After all, you don’t want to have needlessly complex system that require human heroics just to make it succeed. And that is where I think ”Safety II” goes astray.
Second, we like simple models when they work. They are easy to explain. (They don’t require a PhD to understand them.)
Third, we disagree with some of the precepts of “Safety II.”
For example, the researchers think that needlessly complex system can be run successfully by well trained, flexible humans. The operator heroics can make up for a needlessly complex design and poor planning. They believe that the “work-arounds” invented by operators are a success that needs to be understood rather than a failure of planning that required the operators to “fly by the seat of their pants” because engineers and management produced an overly complex system without a well designed procedure and human interface.
We believe that in highly complex systems, we need to apply our human factors skills to simplify and decouple the system to make it more reliable. Just the opposite is happening in many industries (healthcare is a good example of the complexity problem).

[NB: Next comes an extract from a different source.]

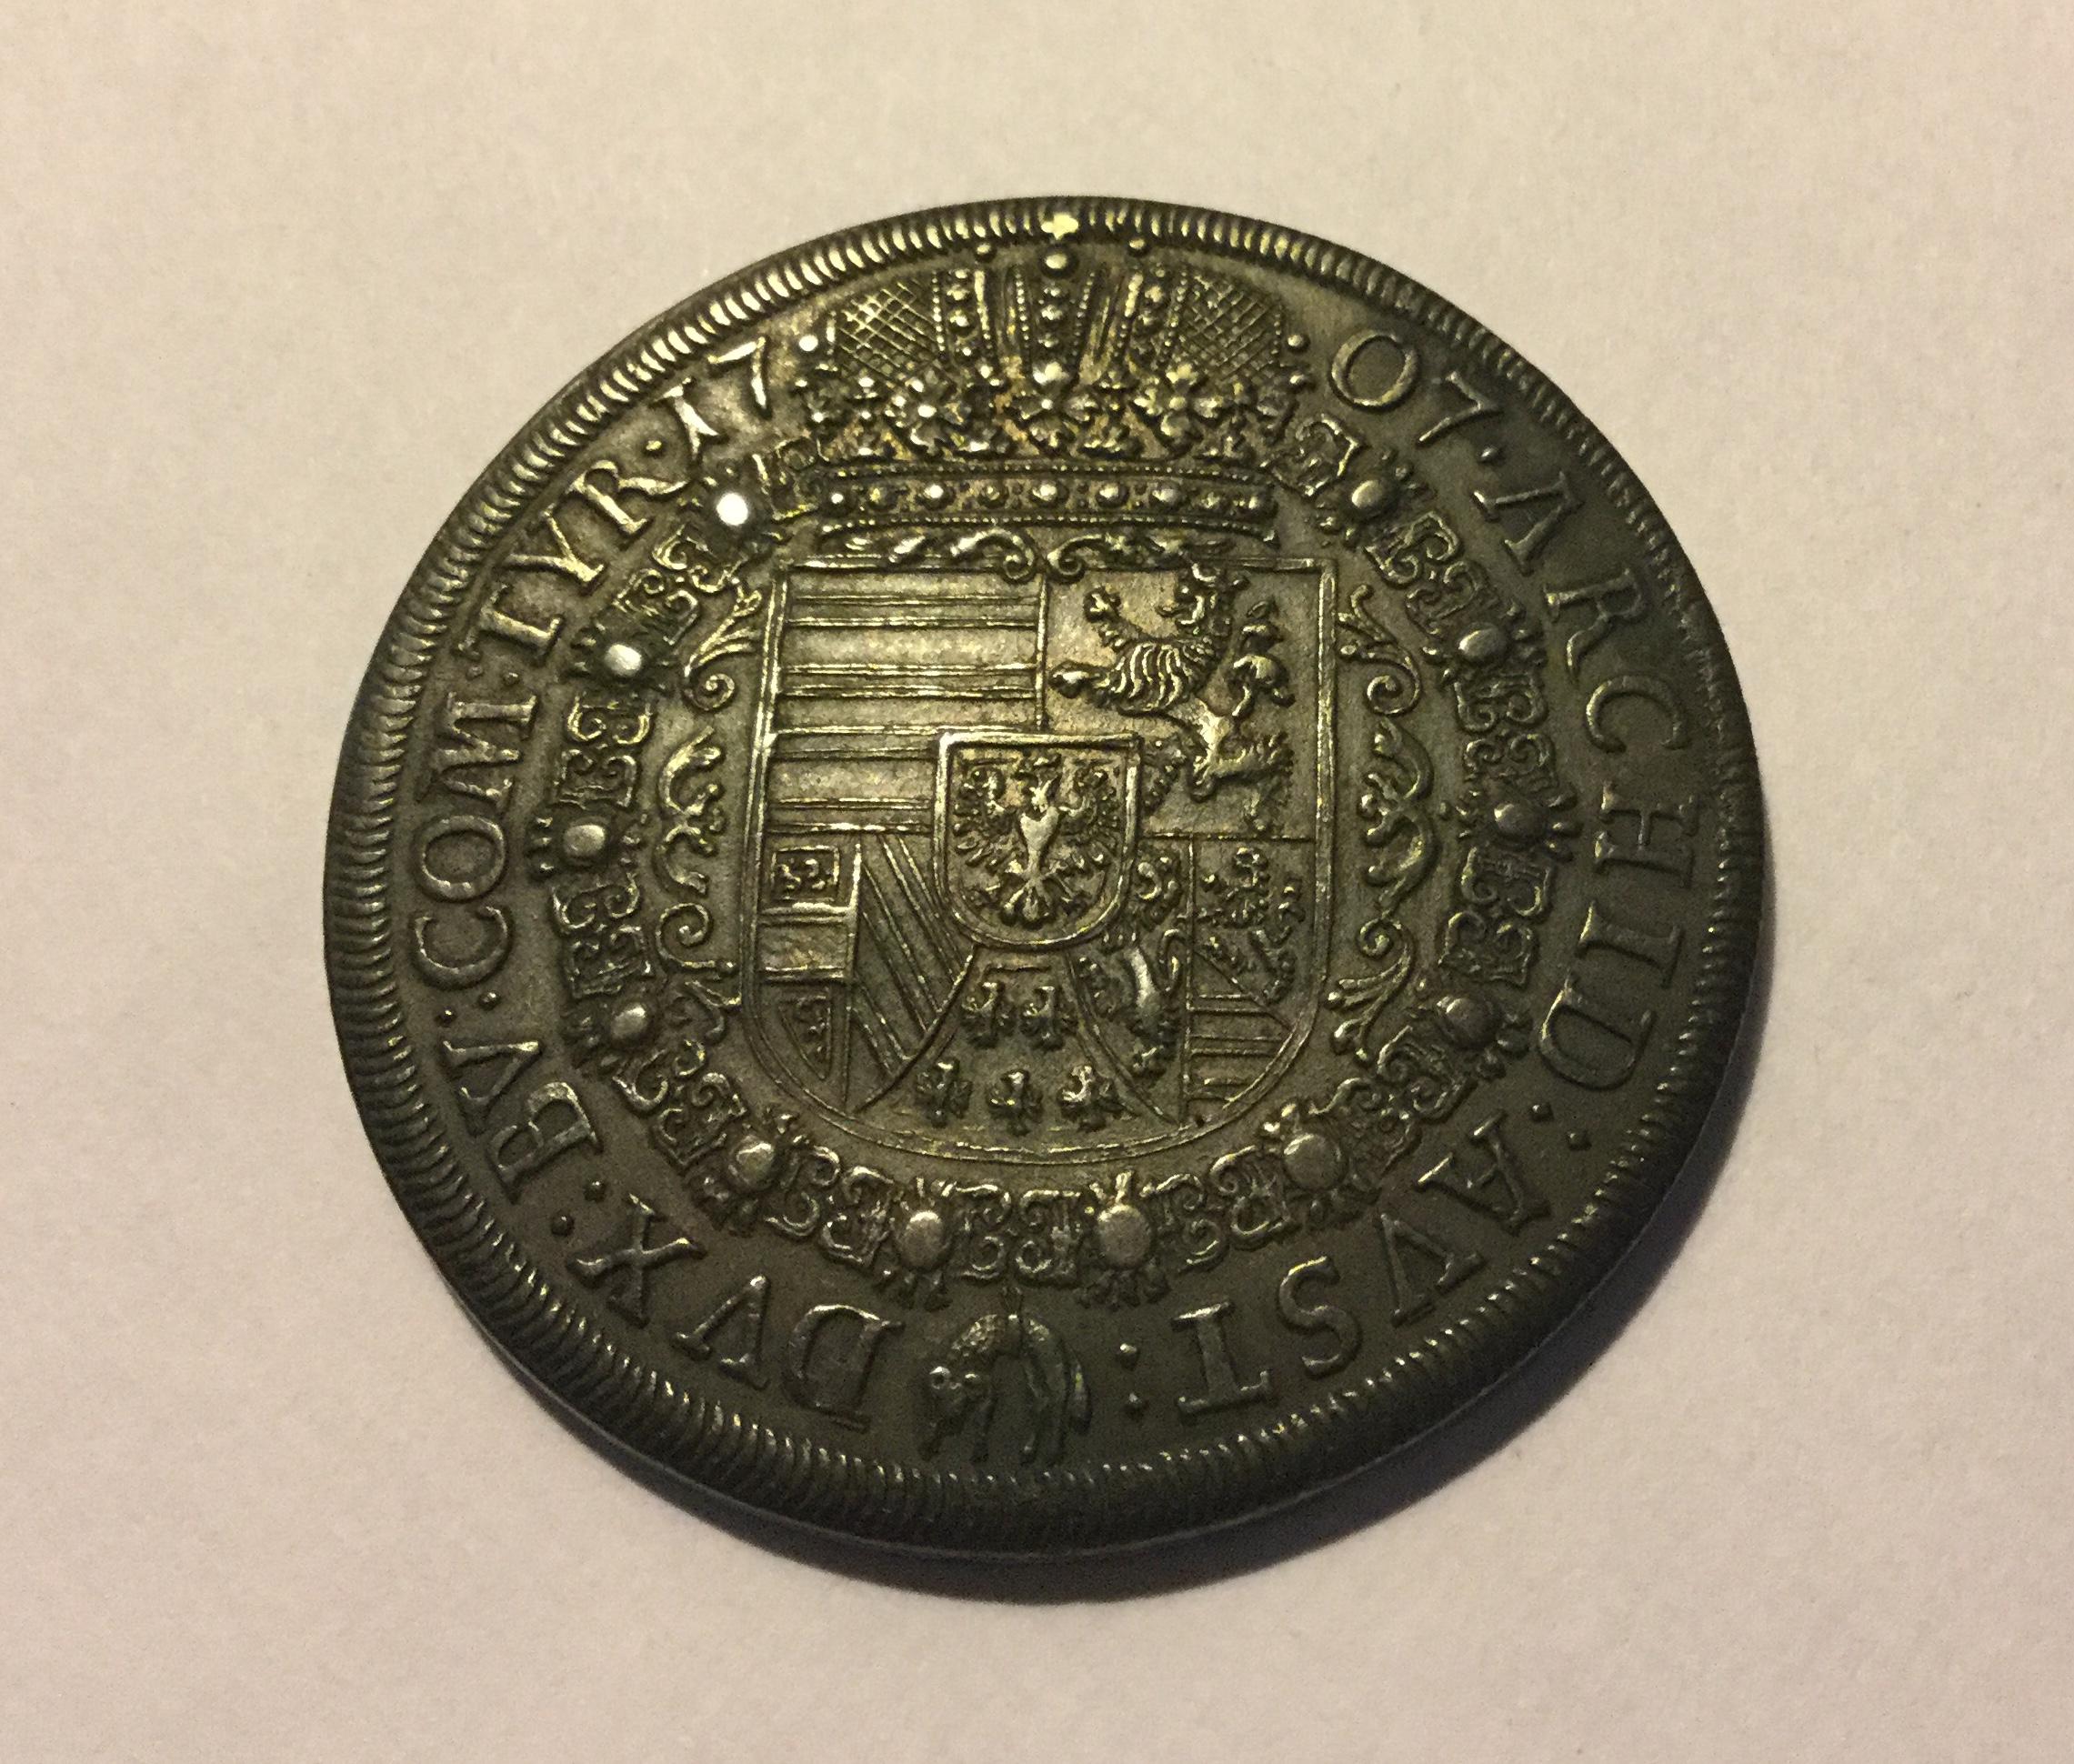 1707 IOSEPHUS broad silver thaler coin - value sought

So, instead of simplifying needlessly complex systems and improving reliability, the “Safety II” folks think that we need to try to understand how people (in the healthcare example in their article, doctors, nurses, and others) muddle through and get satisfactory results most of the time. Why? Because they think that the problems faced are “intractable” (unsolvable). Instead, we should be simplifying the system, reducing complexity, and applying best practices to improve reliability and, thus, reduce the “intractability” of the system. We need to make the human’s job more straightforward (no heroics required just to get through his or her day).
If you accept the theory of “Safety II” that:
- You can’t really understand and plan work in complex systems.
- Human variability is not an error but a normal part of the process that also helps it succeed.
- You can’t tell when something is working correctly or not (things are not “bi-modal”).
- That accidents (adverse outcomes) aren’t solely the result of failures, but rather are a combination of failures and normal performance variability.
Then you will find yourself mired in a complex system that only the most learned can comprehend.
If this whole discussion seems difficult to understand, that is OK. Highly complex systems are difficult to understand. That is why high reliability organizations try to reduce complexity and the interconnectedness of systems to make outcomes reliable. Keep It Simple Stupid! (KISS)
The solution to system complexity is not the complexity of “Safety II” but rather de-connecting, simplifying, and making work understandable (not intractable).
So what do we recommend?
- Don’t make things more complex that necessary. SIMPLIFY whenever possible! KISS.
- You need to understand failures and successes.
- Few problems are due to intractable systems. In those few cases, the systems need to be fixed.
- Work isn’t as hard to understand as one might think – especially for those involved in producing the outcomes.
- Of course, investigate significant events, but also, be proactive! Investigate success and precursor incidents.
There is considerable overlap of the five ideas listed above with “Safety II” … but also there are significant differences. The main difference is that we don’t have to accept the complexity, intractability, and interconnectedness of unreliable systems and hope that a human learns to cope with them. We CAN and should change the system!